Johann Lohmann hatte erst zu Beginn des Jahres 1710 sein Hofgärtneramt in Charlottenburg angetreten, nachdem er vorher fünf Jahre im selben Garten als Planteur gearbeitet hatte, d.h. für die Pflanzung und Pflege von Bäumen verantwortlich war. Gottschalck muss also den größten Teil der ihm bescheinigten Lehrzeit noch unter dessen Vorgänger und LeNotre-Schüler Simeon Godeau gearbeitet haben.
 

Über den weiteren Lebensweg Zacharias Gottschalks war trotz umfangreicher Recherche keine restlose Klarheit zu gewinnen. Interessanterweise gibt es unter diesem Namen eine 330seitige „Flora Hortensis; oder Verzeichniß der Gartengewächse, so in den berühmtesten Garten zu Paris, London, Leyden, Amsterdam, Cöthen, Leipzig, Gottorf und anderen Oertern itziger Zeit sich befinden“, gedruckt in Köthen 1703 [!] [Drude/Wimmer in: Zandera 10(1995) Nr.1, S.3]. Es ist jedoch wenig wahrscheinlich, dass sich ein gestandener Gärtner von höherem Alter, der sieben Jahre vorher schon ein umfangreicheres Buch publiziert hatte, noch einmal acht Monate in der Fremde in die Lehre begibt.

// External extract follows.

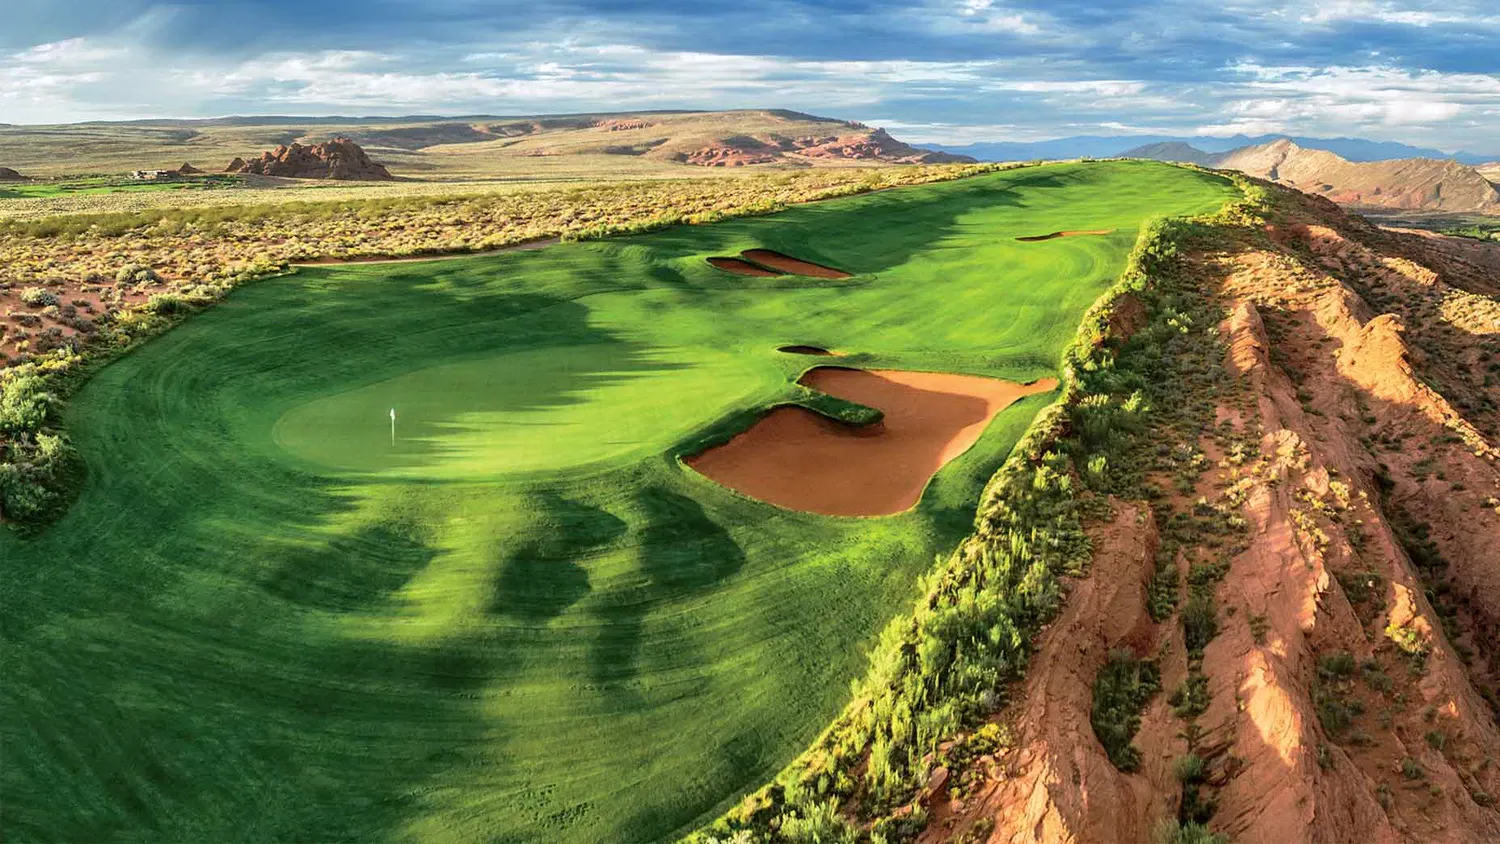 Desert golf course

Passender erscheint da der Hinweis von Bert Breitmann in seiner online-Geschichte der Gartenkunst Band IX/I „Anreger und Schöpfer formaler Gärten (Barock und Renaissance)“, dass im Jahr 1710 ein Blumengärtner Zacharias Gottschalk durch den Karlsruher Markgrafen Karl-Wilhelm von Gottorf nach Durlach geholt wurde. Da dieser Gärtner jünger war, könnte es sich dabei um den Inhaber „unseres Lehrbriefes“ gehandelt haben. Unter den Kindern des Köthener Gottschalck befindet sich kein gleichnamiger Sohn, so dass wir von einem Sproß gleichen Namens einer anderen Gottschalck-Familie ausgehen müssen, die mehr in Norddeutschland ansässig war. [Ganz herzlich gedankt sei an dieser Stelle dem mit der Familie Brinkama verwandten Herrn Manfred Merckens für die freundliche Überlassung seiner umfangreichen Rechercheergebnisse.]

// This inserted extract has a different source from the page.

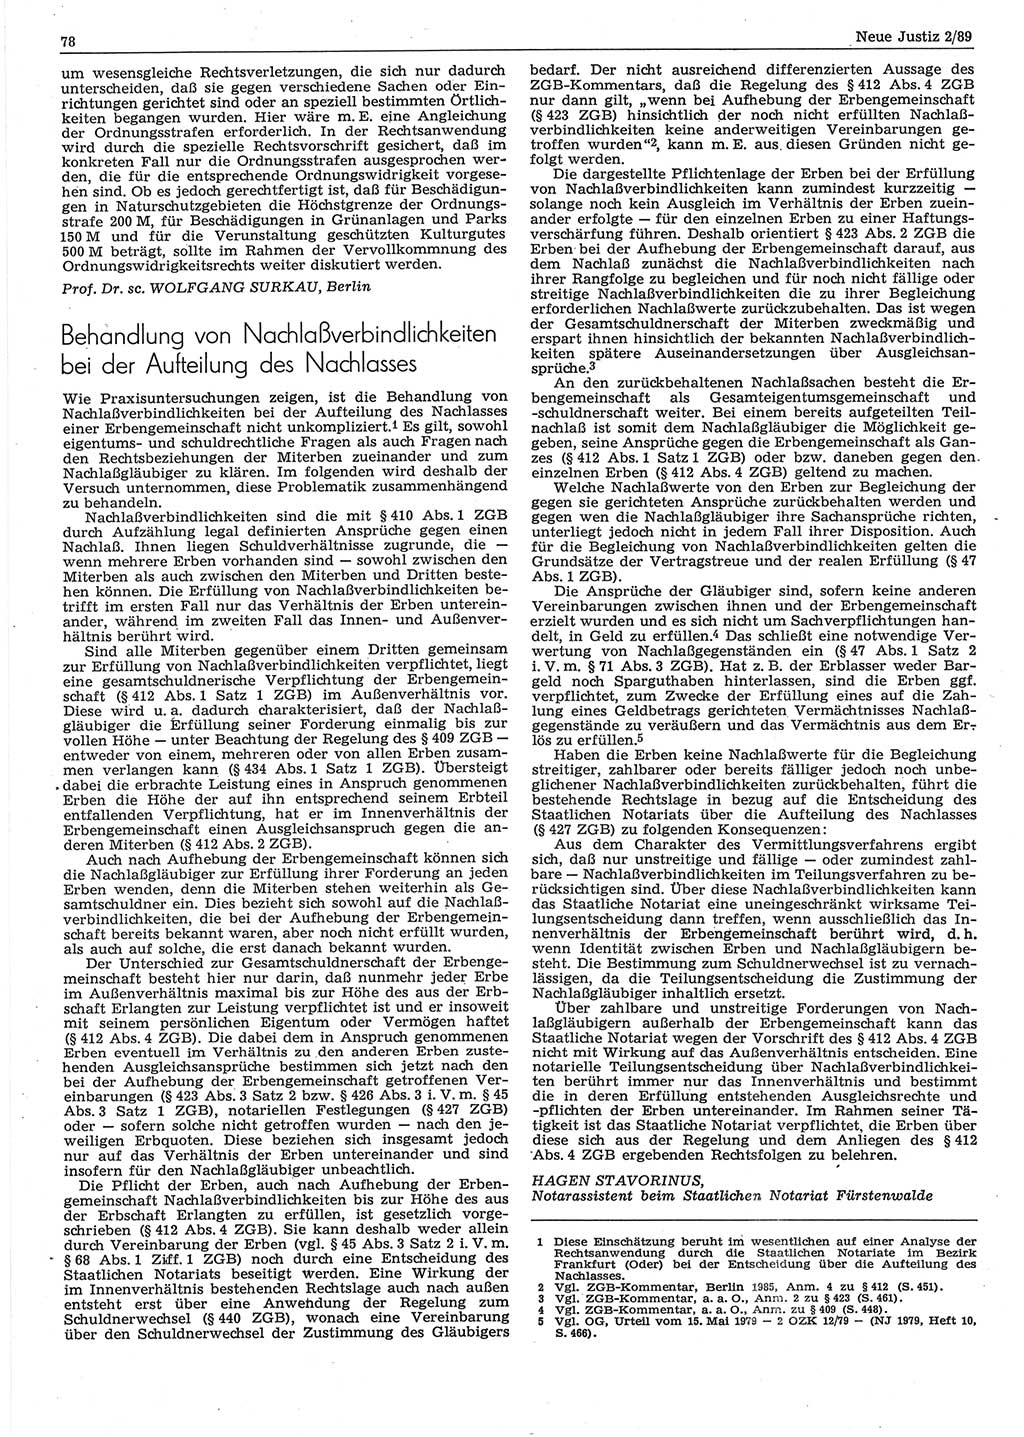 Neue Justiz (NJ), Zeitschrift für sozialistisches Recht und Gesetzlichkeit [Deutsche Demokratische Republik (DDR)], 43. Jahrgang 1989, Seite 78 (NJ DDR 1989, S. 78)

Fest steht zumindest, dass über familiäre Verbindungen in Norddeutschland der bemerkenswerte Lehrbrief schon frühzeitig in die Hände der in Friesland und im Bremener Umfeld ansässigen und bedeutenden Bauern-und Windmüllerfamilie Brinkama gelangte und dort über mehrere Generationen aufbewahrt wurde. Herr David Whitehill, der uns den Lehrbrief freundlicherweise übergab, ist ein Enkel von Adele Brinkama, die 1923/24 mit ihrem Mann Johannes Müller in die USA emigrierte.
 

Der Lehrbrief reiht sich nun in eine Sammlung von fast zwei Dutzend derartiger Dokumente ein, die im Besitz der Stiftung sind und zum großen Teil auch schon in Form von Reproduktionen im Glienicker Hofgärtnermuseum besichtigt werden können. Seine Besonderheit ist, dass er mit seinem ausgesprochen frühen Ausstellungsdatum von 1710 nun der Senior in dieser Sammlung ist.